--- Records to use Enclosed Below ---

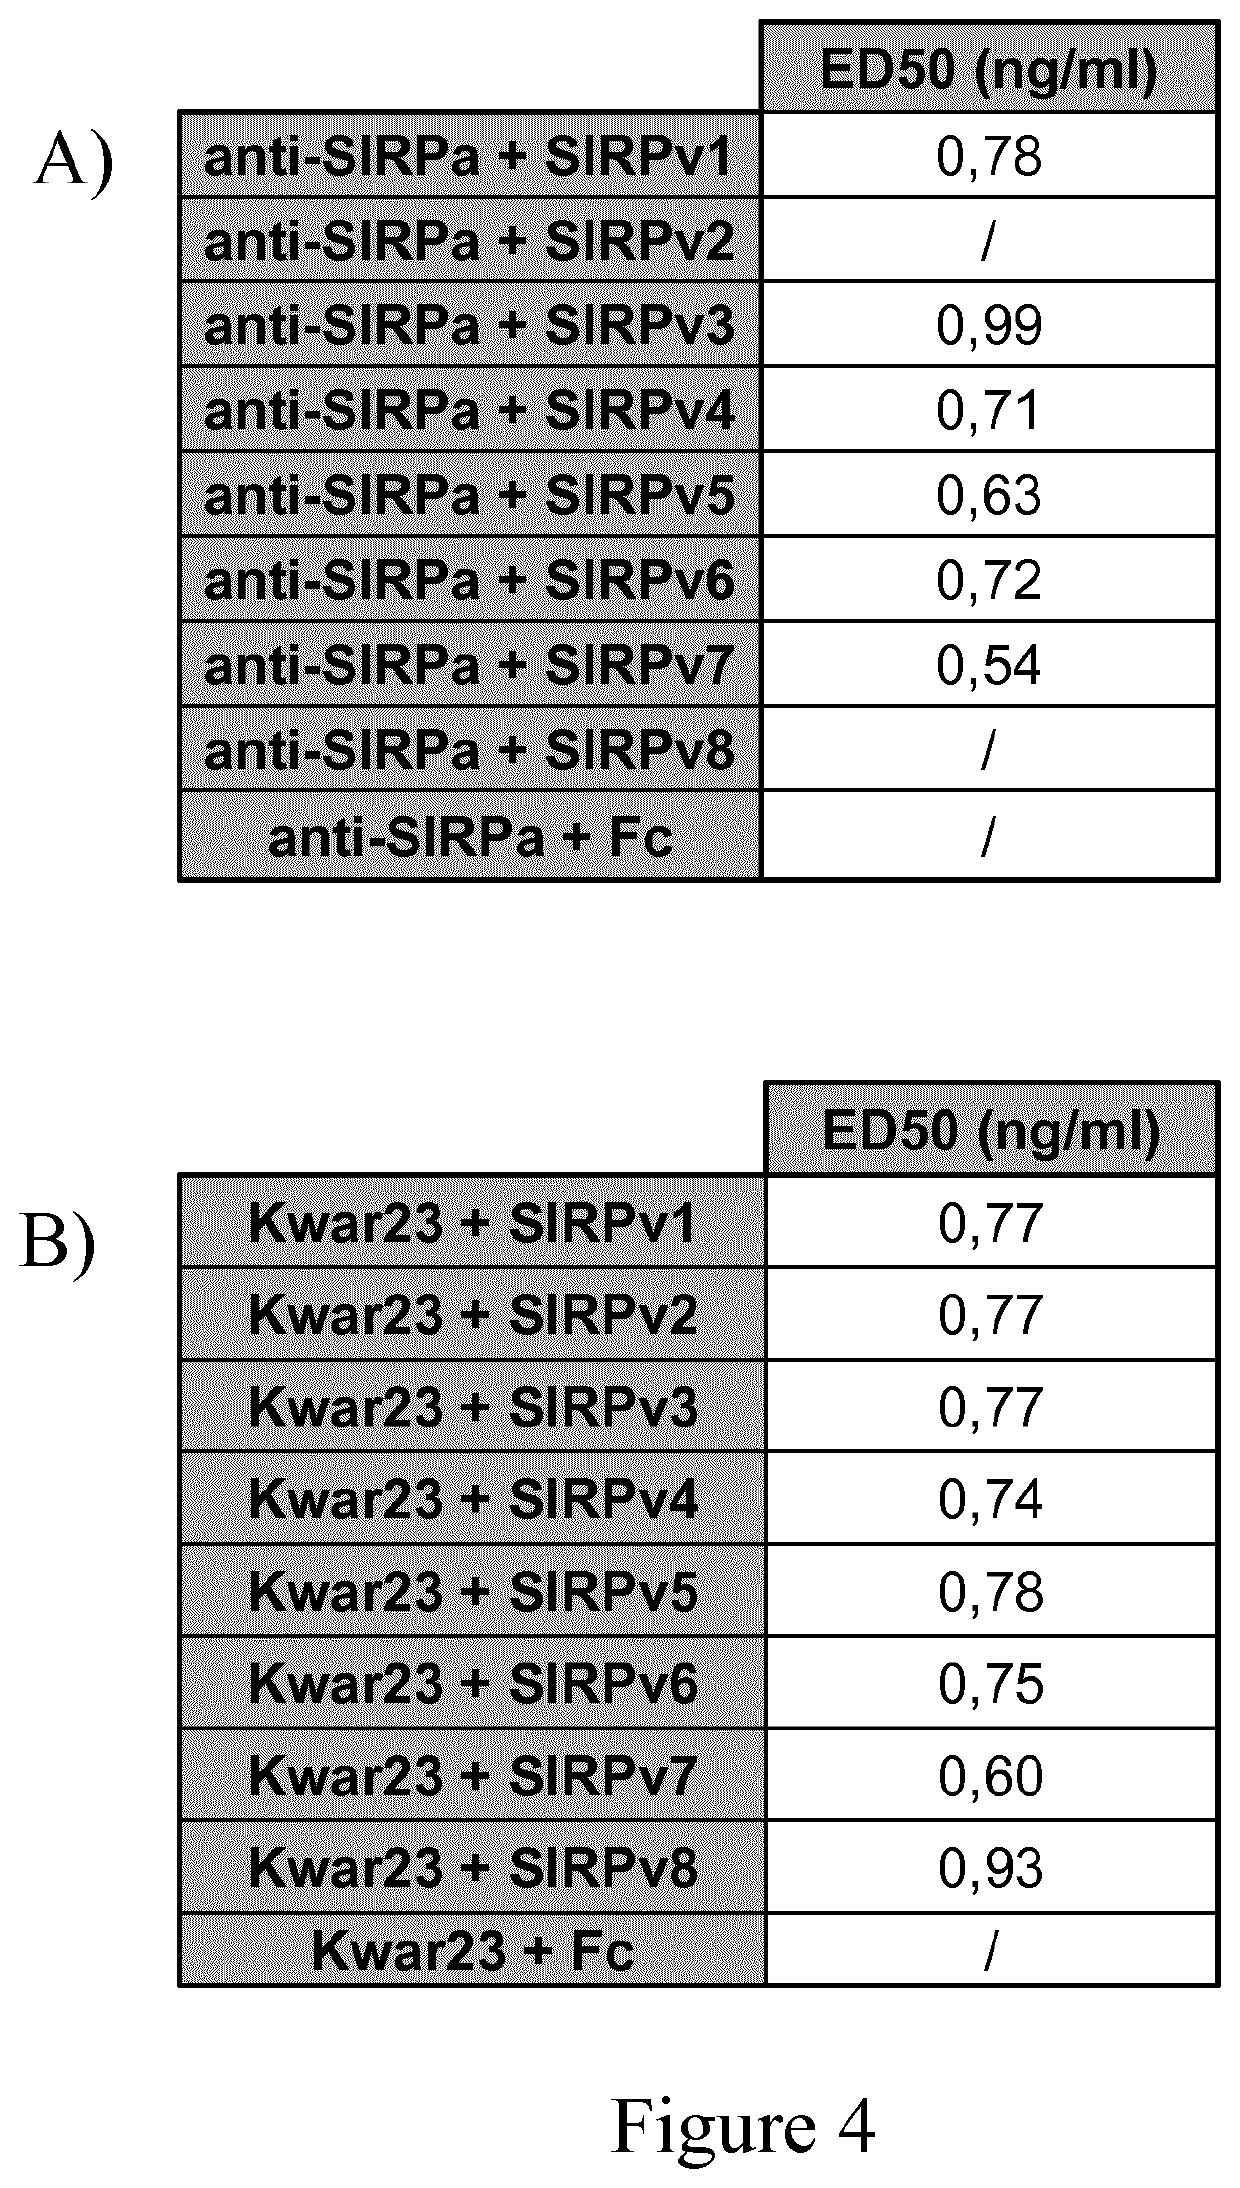 Use of Anti-human sirpa v1 antibodies and method for producing Anti-sirpa v1 antibodies
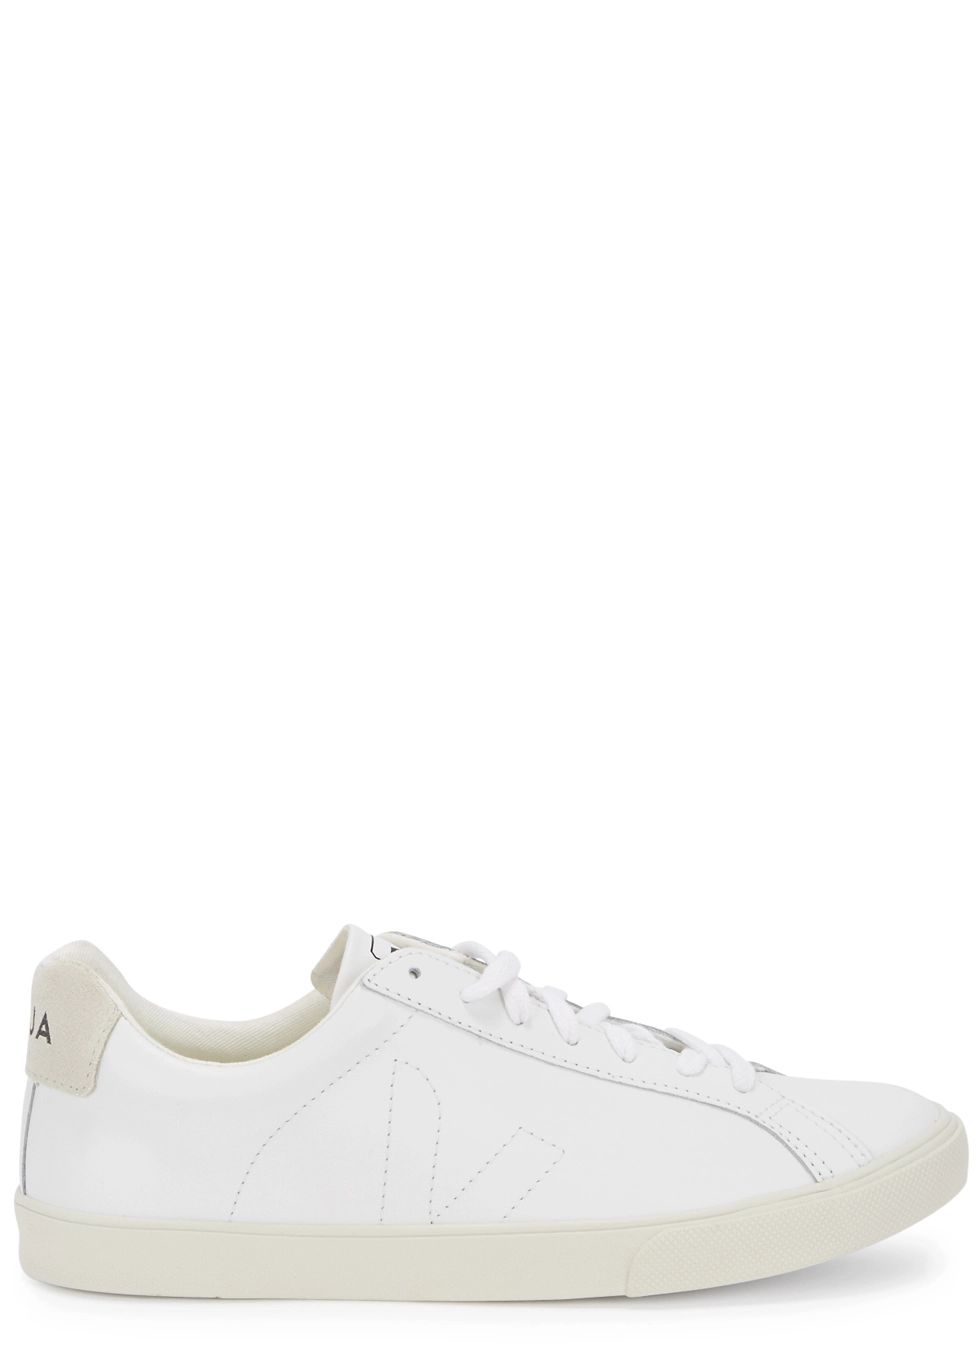 Esplar white leather sneakers | Harvey Nichols (Global)
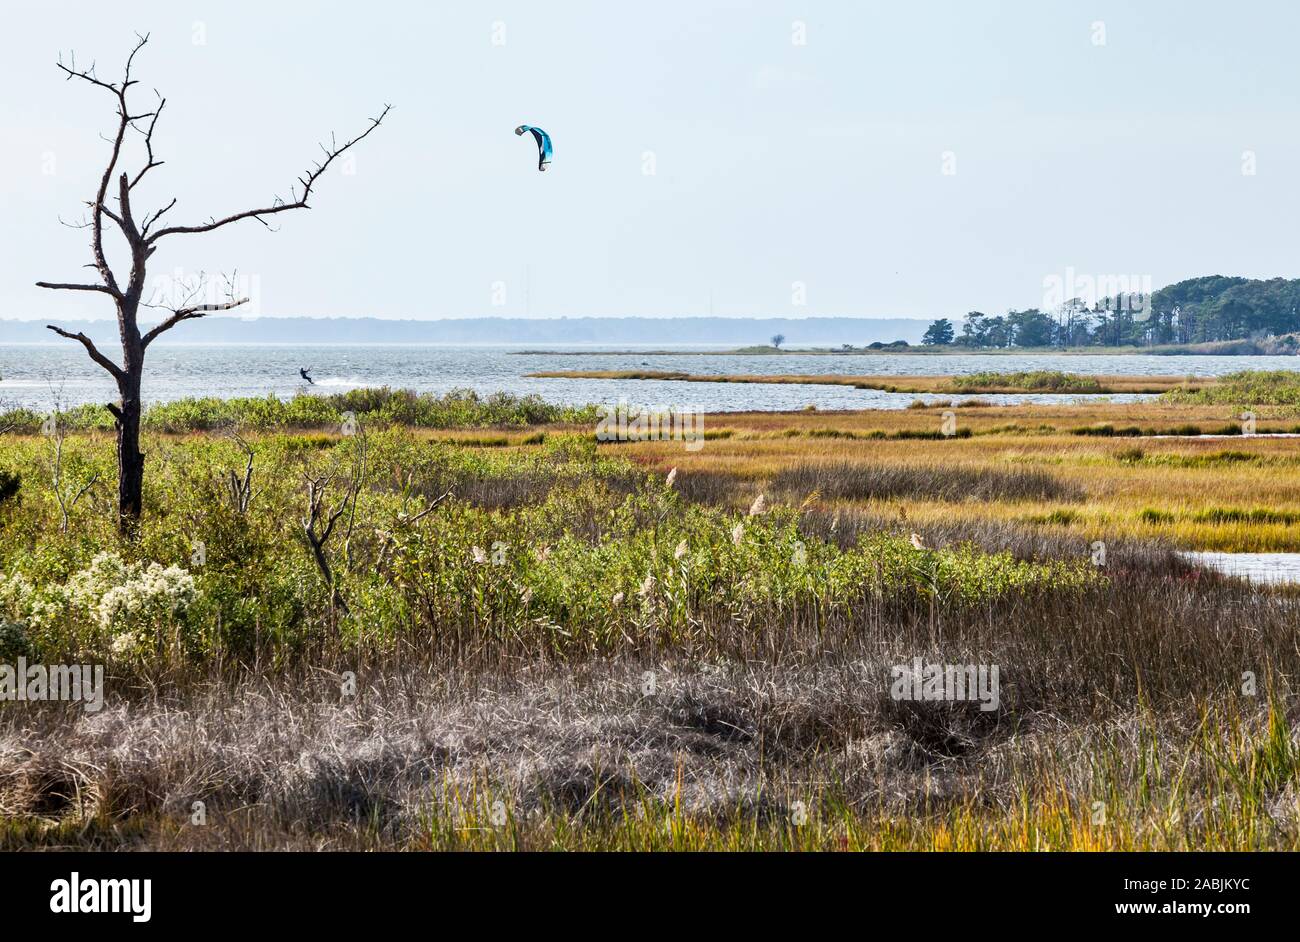 Kite boarding in Sinepuxent bay off Assateague Island National Seashore / Island, Maryland, USA Stock Photo
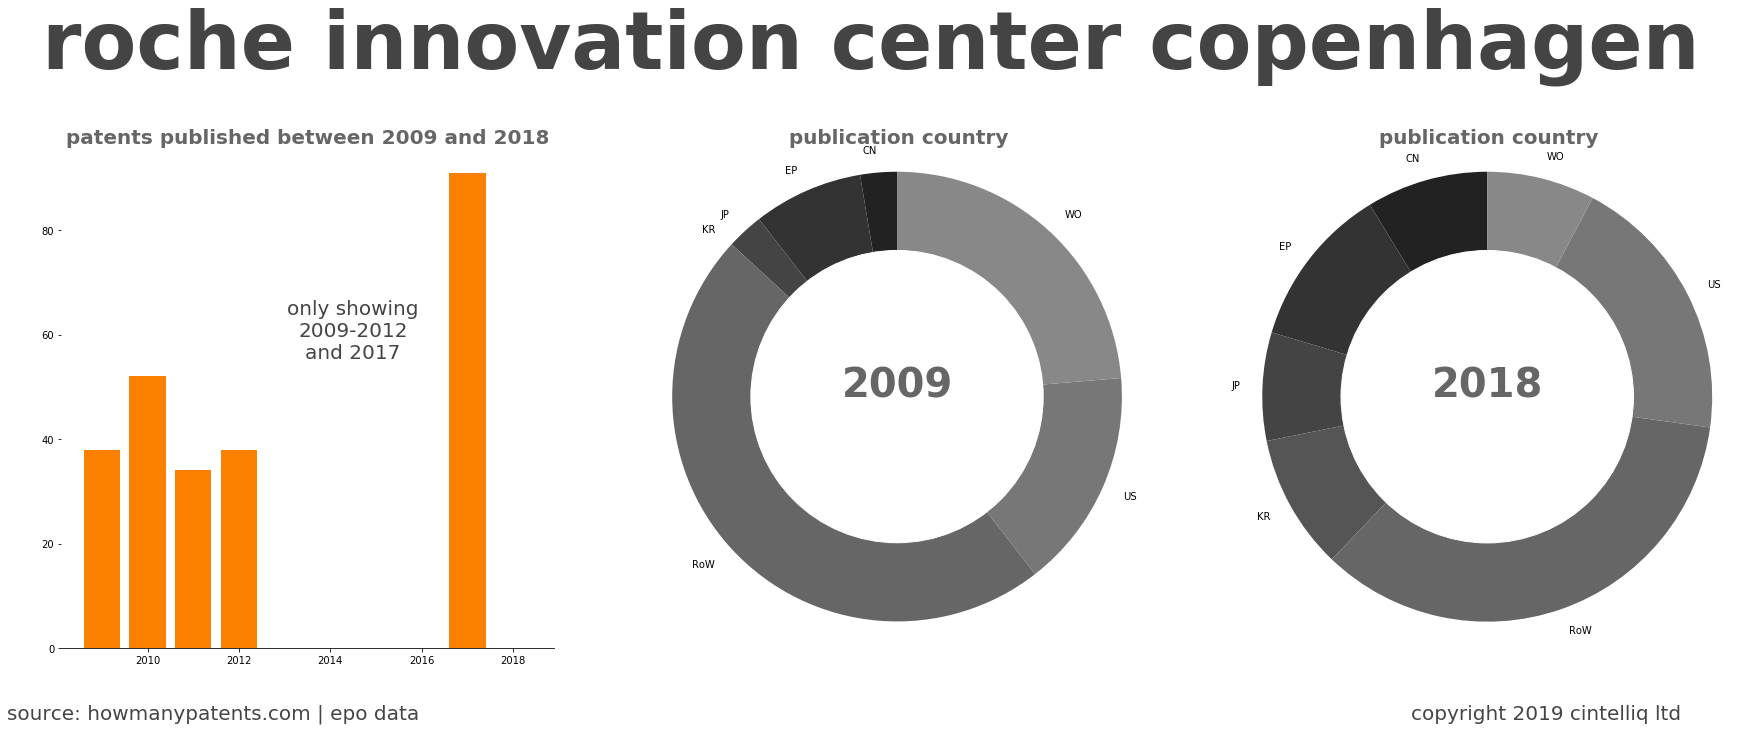 summary of patents for Roche Innovation Center Copenhagen
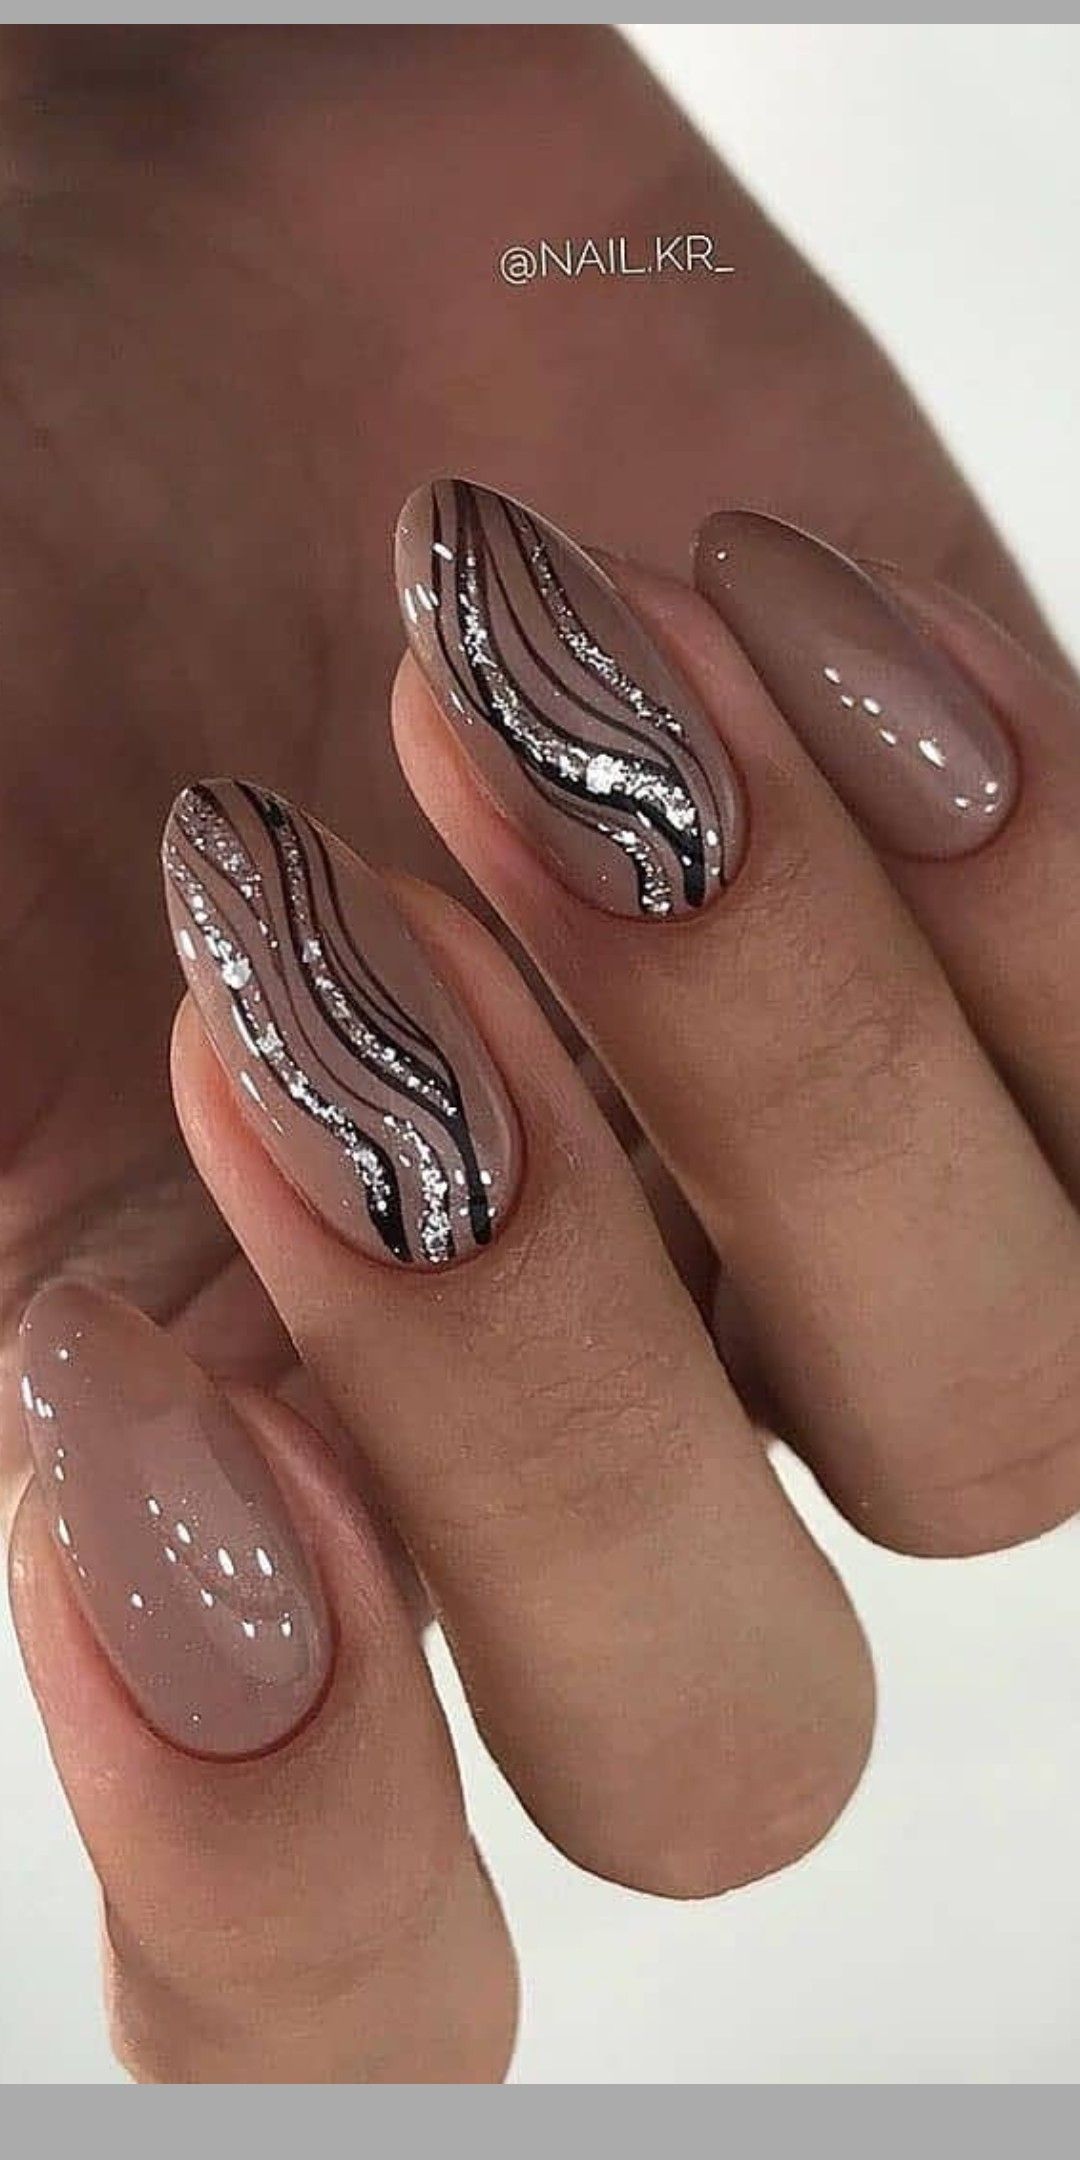 Pin By Irina Zhukovska On Manikyur In 2020 Pretty Nail Art Designs Nail Designs Nail Manicure

--- End of Enclosed Records to use ---

▶ What to do
Please reproduce the lines exactly from the one containing "summary of patents" through the last line of the data above, and keep the pictures out.

▶ Problem solution
 summary of patents for Roche Innovation Center Copenhagen
 Pin By Irina Zhukovska On Manikyur In 2020 Pretty Nail Art Designs Nail Designs Nail Manicure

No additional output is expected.